Big-O of while loop nested inside for loop is O(n), why?

Question

I am trying to figure out why the following is O(n). My doubt is actually on how to figure out the number of iterations of the inner loop without substituting the values.

*Edit: In other words, can anyone show me the derivation using sigma notation?

n = 10
j = 1
for i in range(n):
      while j < i:
        j *= 2

It is easy to see that the inner while will be executed at most one time per i value, but I am struggling to see more generally how to figure out the last value for j in order to perform the corresponding manipulations in the sums using T(n).
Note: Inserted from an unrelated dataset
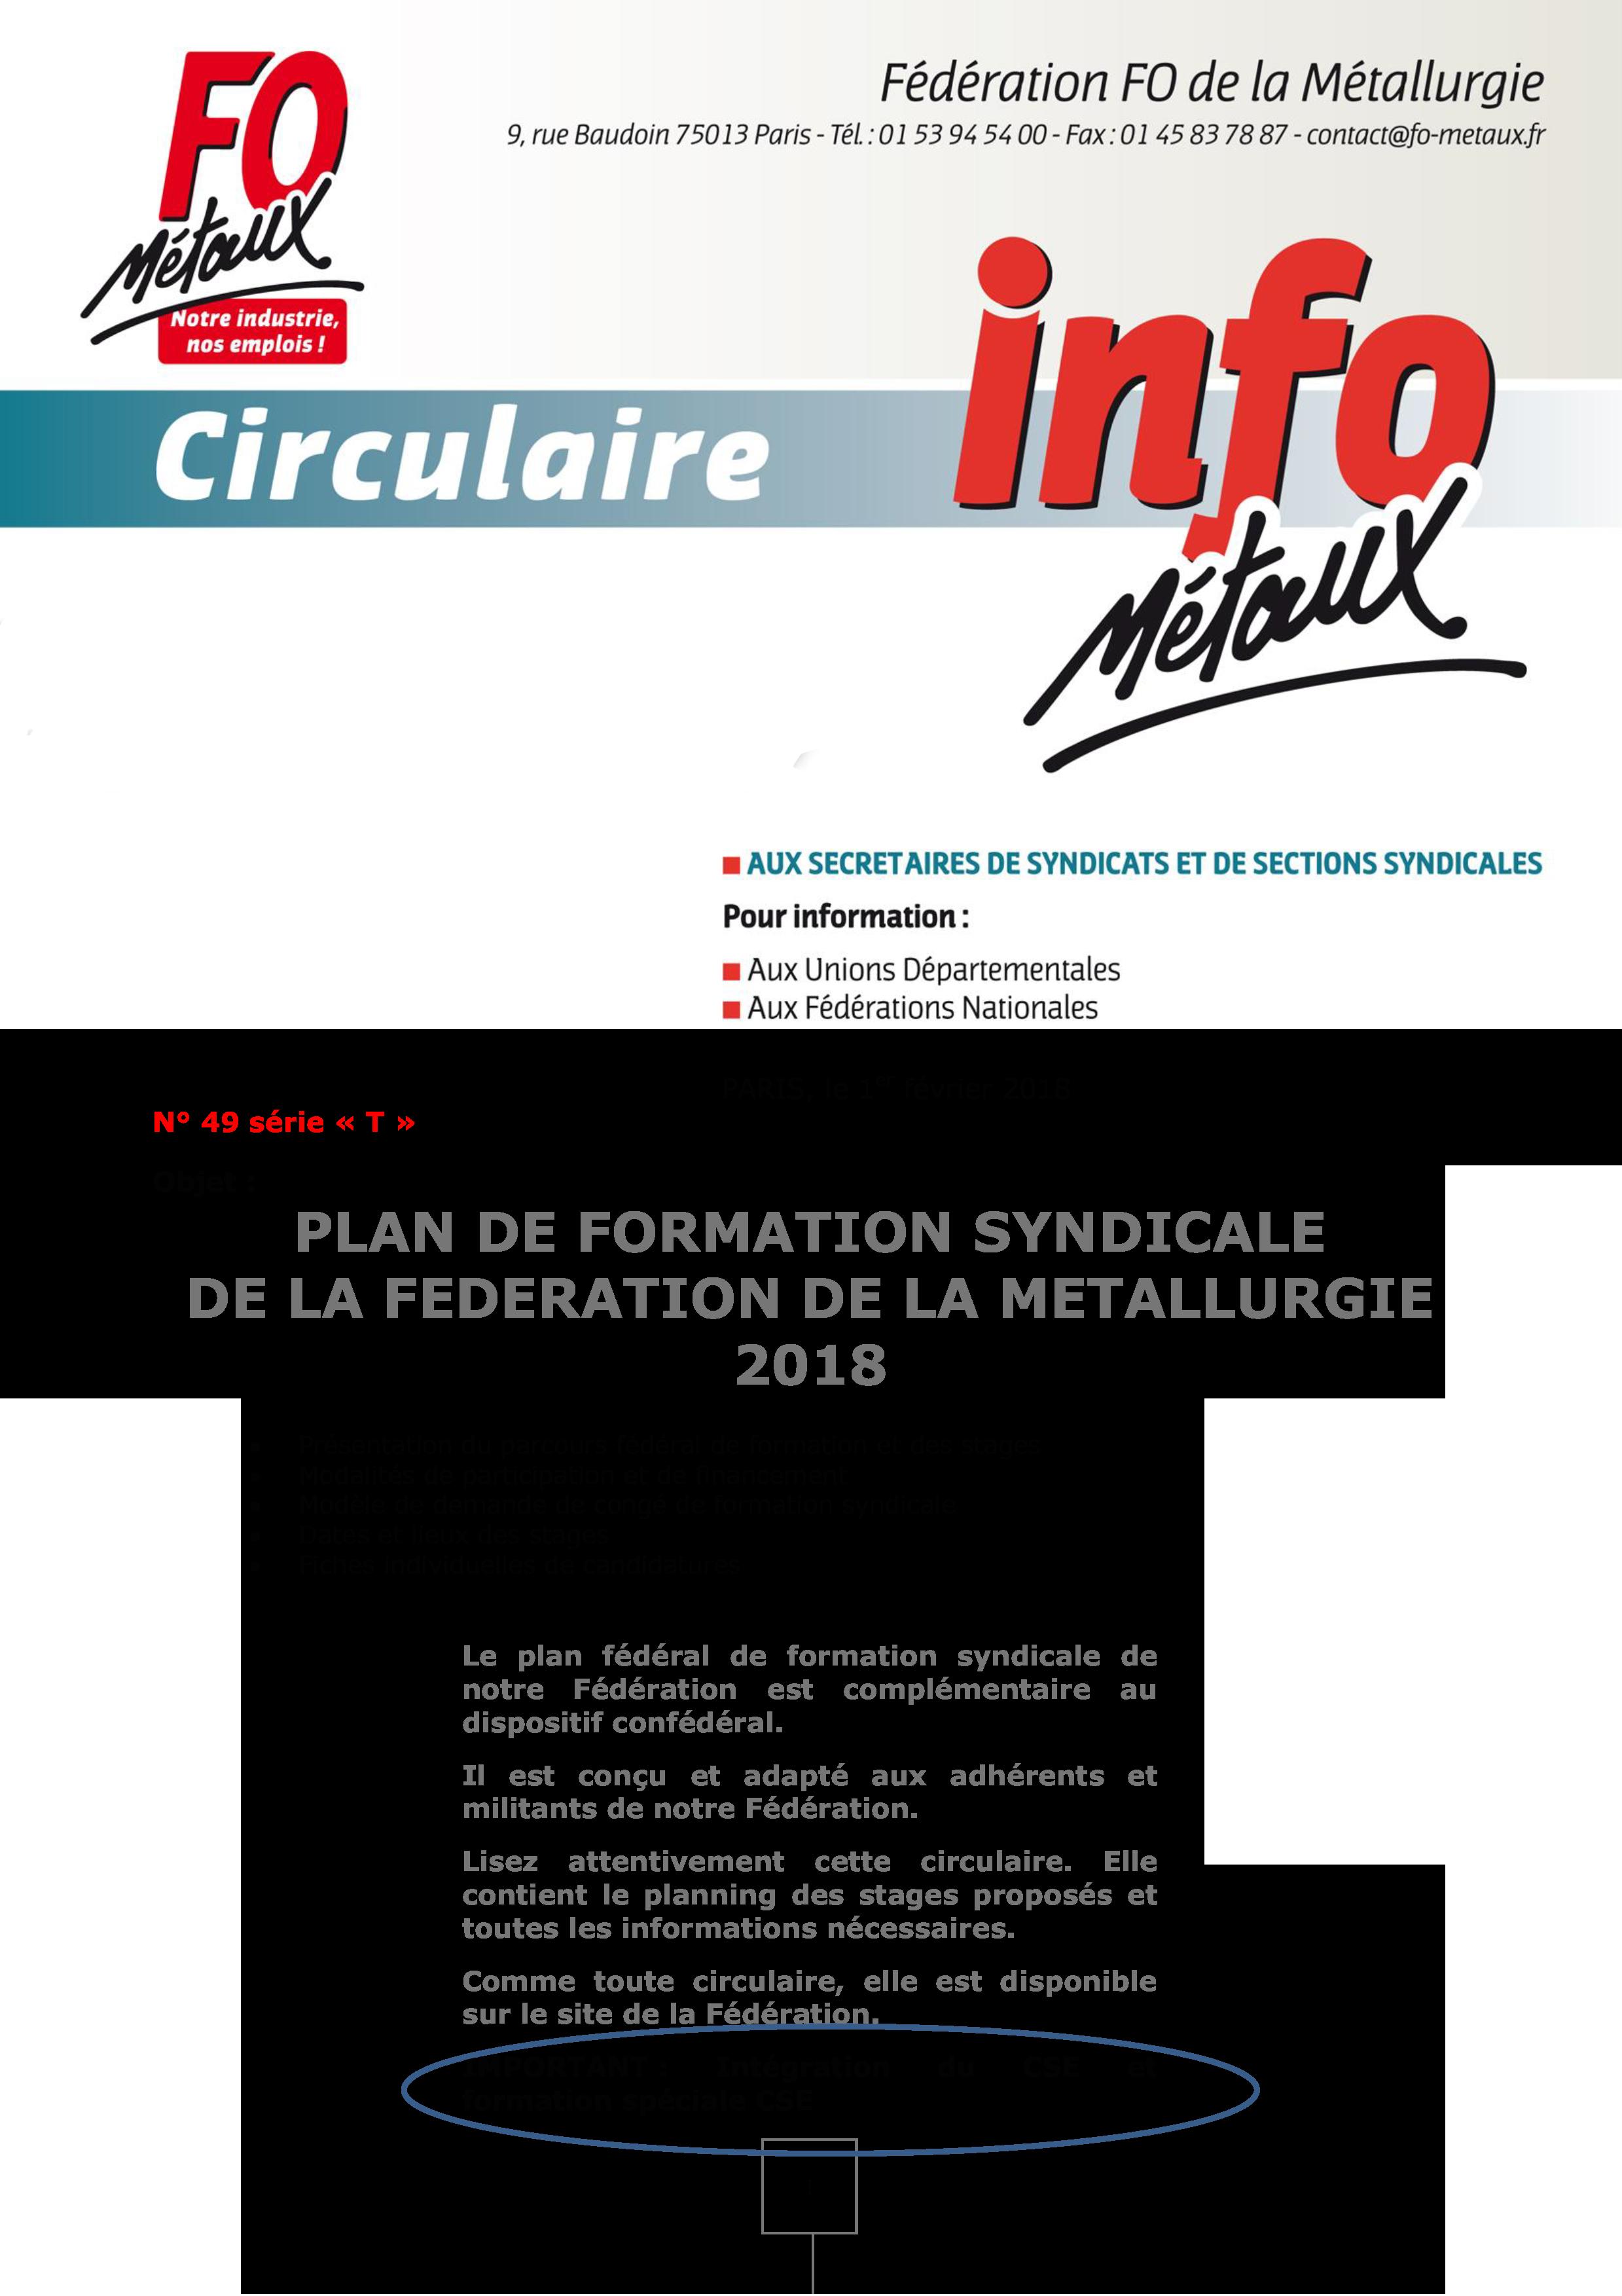 964e4b1ca51 Plan de formation syndicale de la fédération de la Métallurgie

Can anyone show the calculation?

Answer 1

I think I figured out a more abstract way of analyzing it which complements the previous answer and comments.

Notice that:

1. The variable j of the while loop is defined outside of the for loop, which implies that if j < i is satisfied, j will be updated and after that, a new iteration of the for loop happens, updating i.

2. Since j is not reset to 1 at each iteration of the for loop, we expect that the number of runs of the be O(n) < Log_2(n), which suggests that it is O(1).

3. By inspection (as in the previous answer) we can confirm (2.), where for each i the while loop will run at most one time.

Comment:
I am a newbie on this and I was looking for a more closed mathematical proof using sigma notation in a similar fashion as in other cases with nested loops, where the total number of runs of the inner loops can be found as sums of elements of arithmetic or geometric progressions for instance, depending of the case. But the using arguments (1.) and (2.) was the closer I could get.

Anyways, many thanks for the help :)

Answer 2

n = 10
j = 1
for i in range(n):
      while j < i:
        j *= 2

Iteration 1: i = 1 and 1 < 1 is false;

Iteration 2: i = 2 and 1 < 2 is true, => j becomes 1 * 2 = 2; (i = 2 and j = 2);

Iteration 3: i = 3 and 2 < 3 is true, => j becomes 2 * 2 = 4; (i = 3 and j = 4);

Iteration 4: i = 4 and 4 < 4 is false; (i = 4 and j = 4);

Iteration 5: i = 5 and 4 < 5 is true, => j becomes 2 * 4 = 8; (i = 5 and j = 8);

. . .

then j = 8 will NOT be less than i for the next three iterations..

then j will be less than 9 and so on.

So, there are iterations where j < i evaluates to true, but even in those cases, that nested while loop doesn't live long.

It is a bit amortized, but overall, while j < i is still a very much lower order term.

Therefore, according to the asymptotic measurement, higher order is O(n).